SC - Scientists making SC ‘more resilient’ fed up with gender gap in Army Corps and STEM fields
Just a few days after Hurricane Ian whipped 75 mph winds across the Lowcountry, Sonja Zindars arrived at Folly Beach with a high-powered computer strapped to an ATV.
She supervised a male technician, who drove the four-wheeler up and down the dunes, making sure he was surveying enough of the sand to know how much it had changed since Ian swept through.
“The military has the best toys,” joked Zindars, a geographer for the Charleston district office in the Army Corps of Engineers. She spoke with The Post and Courier about why she remains dedicated to her work and the Corps.
“I have a boots-on-the-ground job,” Zindars said. “That’s how I see it.”
Zindars was out on the dunes that overcast October day to understand just how much sand had eroded from that beach. Any forthcoming federal beach renourishment projects will need to add the right amount of sand, not too much, not too little, she said: “Because it’s all about storm protection.”
Zindars was the only female scientist on site that day on Folly Beach. Working for the Corps, that’s nothing new.
The Army Corps of Engineers has a diversity issue.
The ratio of women to men who work at the 200-year-old military division has stagnated for over a decade. The percentage of women in the service has remained at 32 percent since 2010, according to a 2021 report by the U.S. Government Accountability Office. The percentage of Black women has dropped during that same period.
At the Charleston office, things are slightly better. Women make up about 37 percent of the staff. More than a third of all supervisors, who manage the office’s 250 employees, are women.
The Post and Courier spoke with three Army Corps scientists, all at different career stages, to better understand the problems that underlie the division’s gender imbalance.
Whether early in their career or nearing retirement, women at the Charleston office of the Corps are frustrated.
Getting women in the door
Carole Works is the first female chief of the engineering division at the Charleston office. She sees inspiration as key to recruiting more women into this line of work. And she thinks it all needs to start much earlier than college.

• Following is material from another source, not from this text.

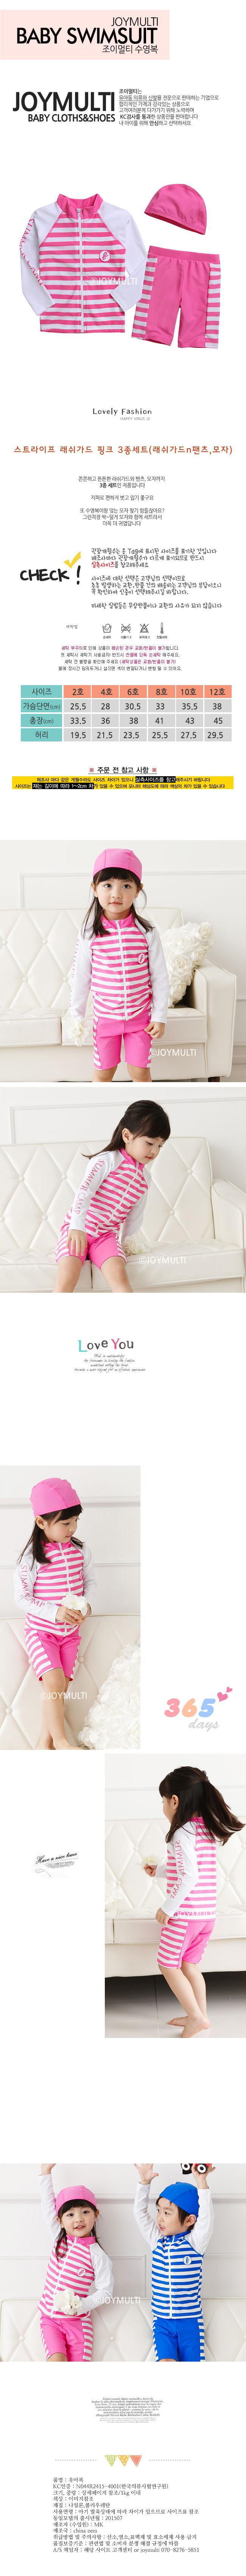 스트라이프 래쉬가드 핑크 3종세트(1-10세) 202704 - 조이멀티, 33,500원, 시즌/이벤트의류잡화, 수영복

“We’re going to Ashley Hall again (this year), and the last time we went there, we met with 11th and 12th graders, and their minds were already made up,” Works said in late January. “We were not convincing them in a one-hour visit about how cool engineering is.”
On Feb. 23, the Corps hosted another engineering recruitment event at the all-girls school in Charleston. It coincided with “Introduce a Girl to Engineering Day” and, this time, the Corps targeted younger students: seventh and eighth graders.
New research confirms Works’ hunch. Reaching kids when they’re young is the best way to dispel culturally ingrained stereotypes. One study found that kids as young as 6 begin to believe false stereotypes that boys are more interested in STEM than girls. STEM is a popular catch-all term for science, technology, engineering and math fields.
Stereotypes alone can’t explain a century of gender imbalance within America’s oldest institution devoted to engineering, which employs 35,000 people nationwide and abroad.
The Corps has trouble recruiting female engineering majors from local universities with engineering programs, including The Citadel. Over the past few years, women from the Charleston office have visited local K-12 schools to try to inspire girls about the work that the Corps does.
“When we put out new intern positions, it’s certainly not 50/50 ... women to men,” said Works. “For every two guys that apply, there’s been one girl.”
Private engineering firms can offer starting salaries more than twice the amount the federal government can offer to new hires with engineering degrees.
“For the poor kids coming out of school, they look at what I can offer, and they’re like, ‘Are you kidding me?’” Works said. “That’s absolutely our biggest problem but, as the federal government, I don’t see that changing any time soon.”
Works said that the Corps is significantly more diverse now than when she started working there in 2012. “The Corps does a great job at promoting women ... once they’re here,” she said.
As the top engineer at the branch, recruiting women is her biggest frustration.